Dangerously unchecked surveillance and rights violations have been a throughline of the Department of Homeland Security since the agency’s creation in the wake of the September 11th attacks. In particular, Immigration and Customs Enforcement (ICE) and Customs and Border Protection (CBP) have been responsible for countless civil liberties and digital rights violations since that time. In the past year, however, ICE and CBP have descended into utter lawlessness, repeatedly refusing to exercise or submit to the democratic accountability required by the Constitution and our system of laws.

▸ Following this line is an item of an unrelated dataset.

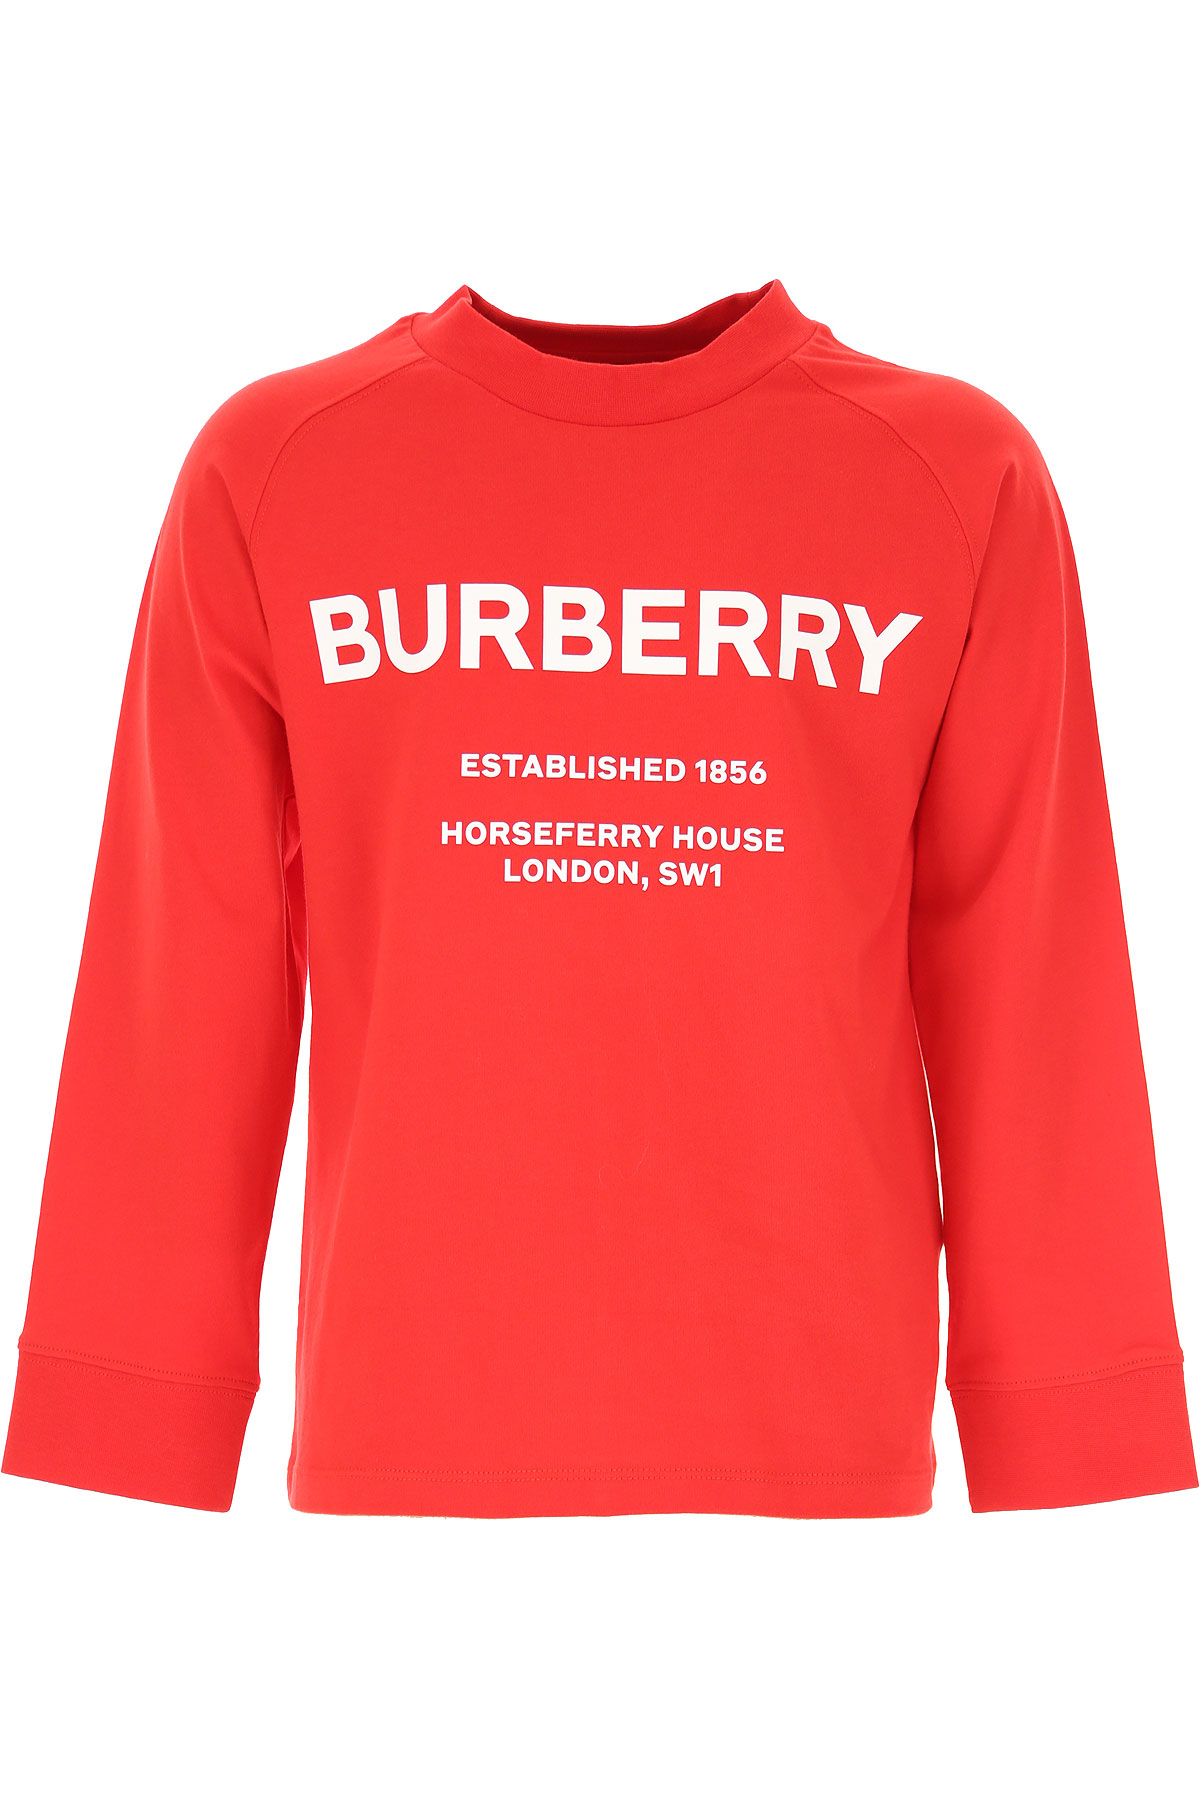 Burberry Kinder T-Shirt für Jungen Günstig im Sale, Rot, Baumwolle, 2017, 10Y 12Y 3Y 4Y 6Y 8Y

The Trump Administration has made indiscriminate immigration enforcement and mass deportation a key feature of its agenda, with little to no accountability for illegal actions by agents and agency officials. Over the past year, we’ve seen massive ICE raids in cities from Los Angeles to Chicago to Minneapolis. Supercharged by an unprecedented funding increase, immigration enforcement agents haven’t been limited to boots on the ground: they’ve been scanning faces, tracking neighborhood cell phone activity, and amassing surveillance tools to monitor immigrants and U.S. citizens alike.
Congress must vote to reject any further funding of ICE and CBP
The latest enforcement actions in Minnesota have led to federal immigration agents killing Renee Good and Alex Pretti. Both were engaged in their First Amendment right to observe and record law enforcement when they were killed. And it’s only because others similarly exercised their right to record that these killings were documented and widely exposed, countering false narratives the Trump Administration promoted in an attempt to justify the unjustifiable.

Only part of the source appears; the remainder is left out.